Data shown are from six independent experiments. This assay was successfully employed using human cell lines as well. U87 cells plated on matrix coated chambers and stained with CMFDA green are shown after a 24 hour incubation.
Here the U87 cells were plated with differentiated THP1 macrophages. This image shows quantitation of the assay counting only invasive U87 cells. The human macrophage cell line THP1 stimulated U87 glioblastoma cell invasion.
Data shown are the mean values from 10 independent experiments. This image from a 3D invasion assay of GL261 and microglia coculture is a composite from a Z-series of images and shows GL261 cells stained with CMFDA green embedded in matrix alone. Here the GL261 cells were cocultured with murine microglia labeled with CMPTX red.

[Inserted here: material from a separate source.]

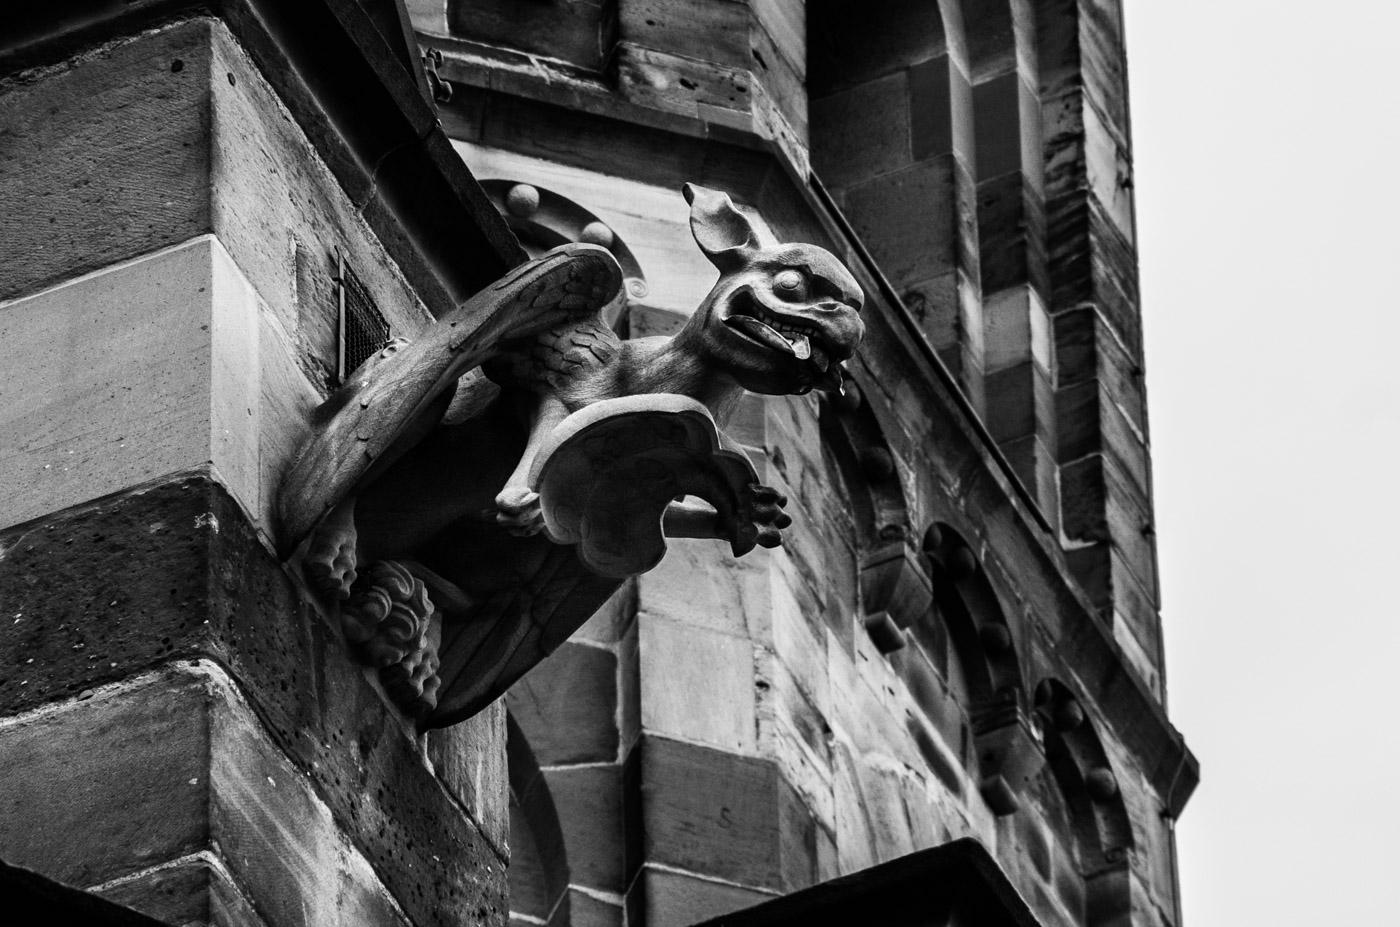 Gargoyle at the Freiburg cathedral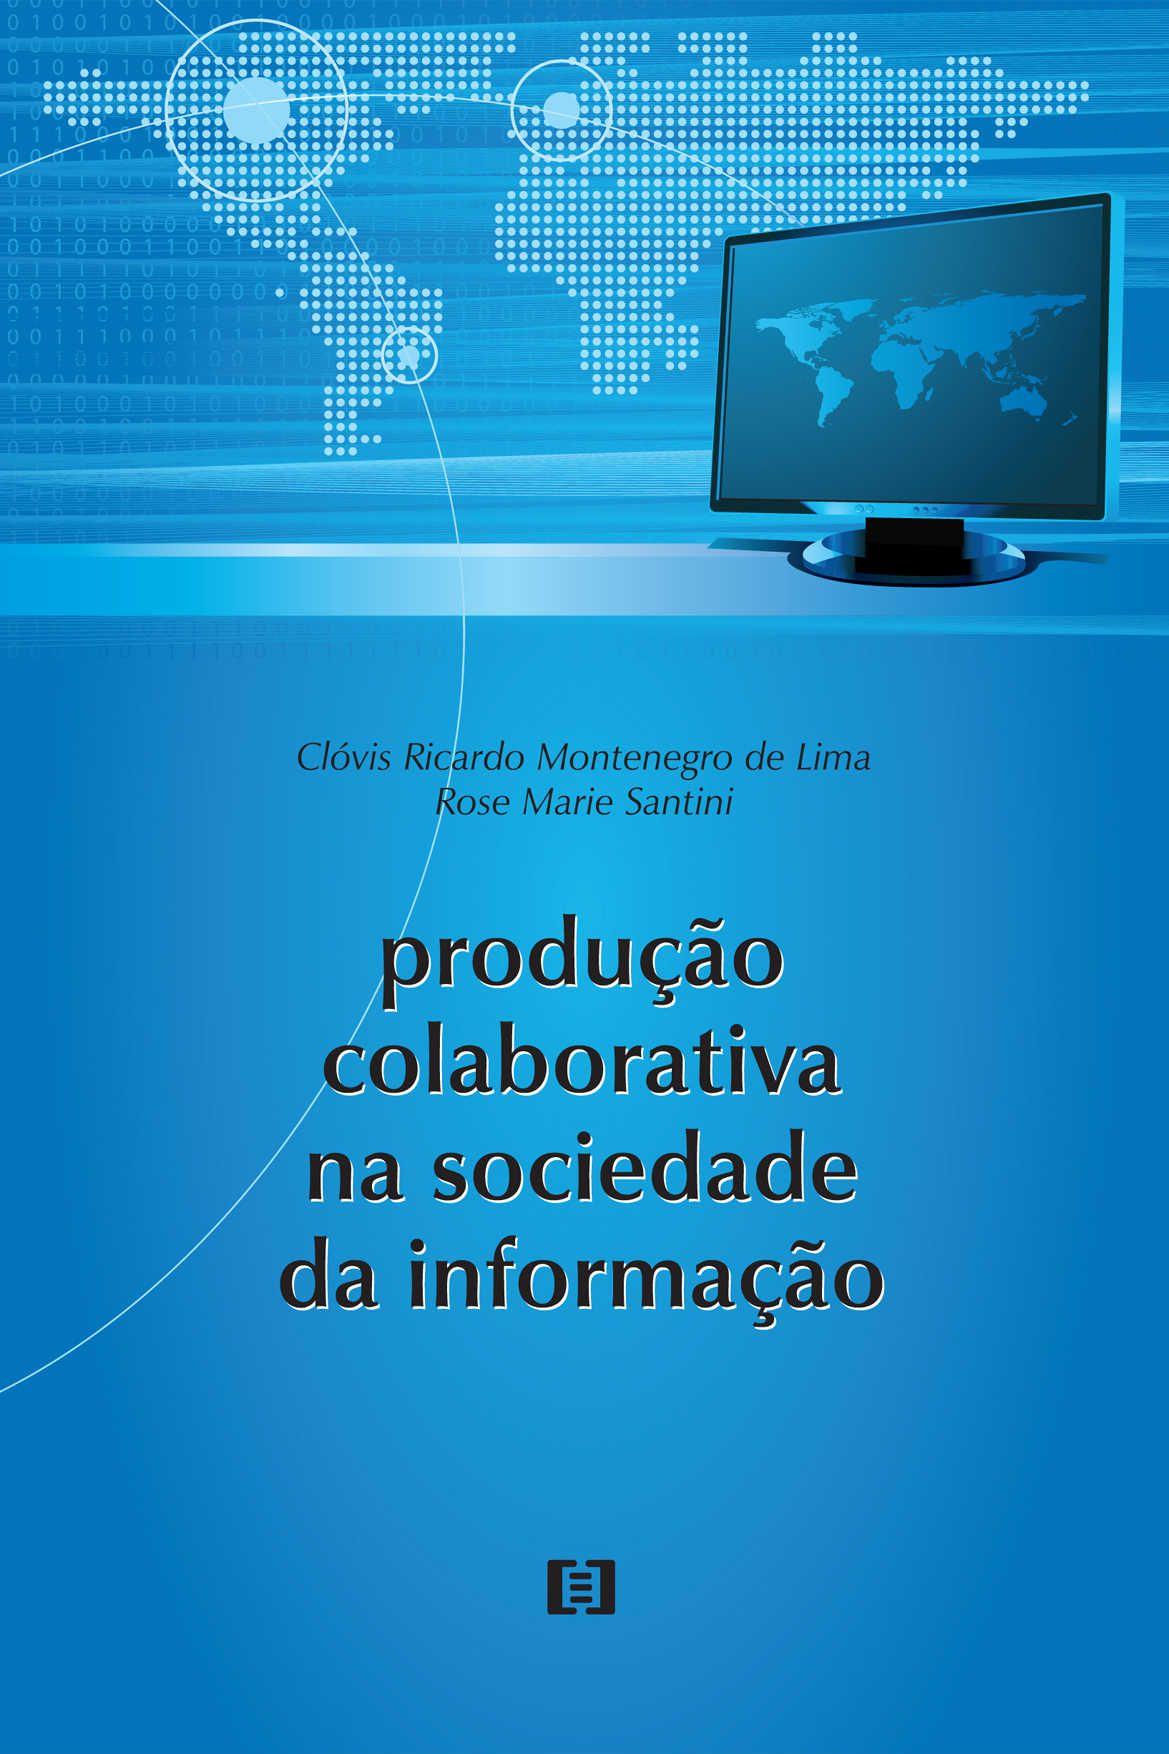 Produção colaborativa na sociedade da informação

Here GL261 cells on the underside of the filter, which are determined to be invasive, are shown. The total number of invading GL261 cells was determined and normalized to that of GL261 cells in monoculture. Data shown represent the mean of three independent experiments performed in duplicate.
So once mastered, this technique can be completed from start to finish in two hours or so. And the final results from the experiment can be obtained after 48 hours. So while performing this technique, it's very important to have everything chilled and at four degrees including the tubes and the pipettes.
After watching this video, you should have a good understanding of how to establish glioblastoma in macrophage microglia coculture invasion assays.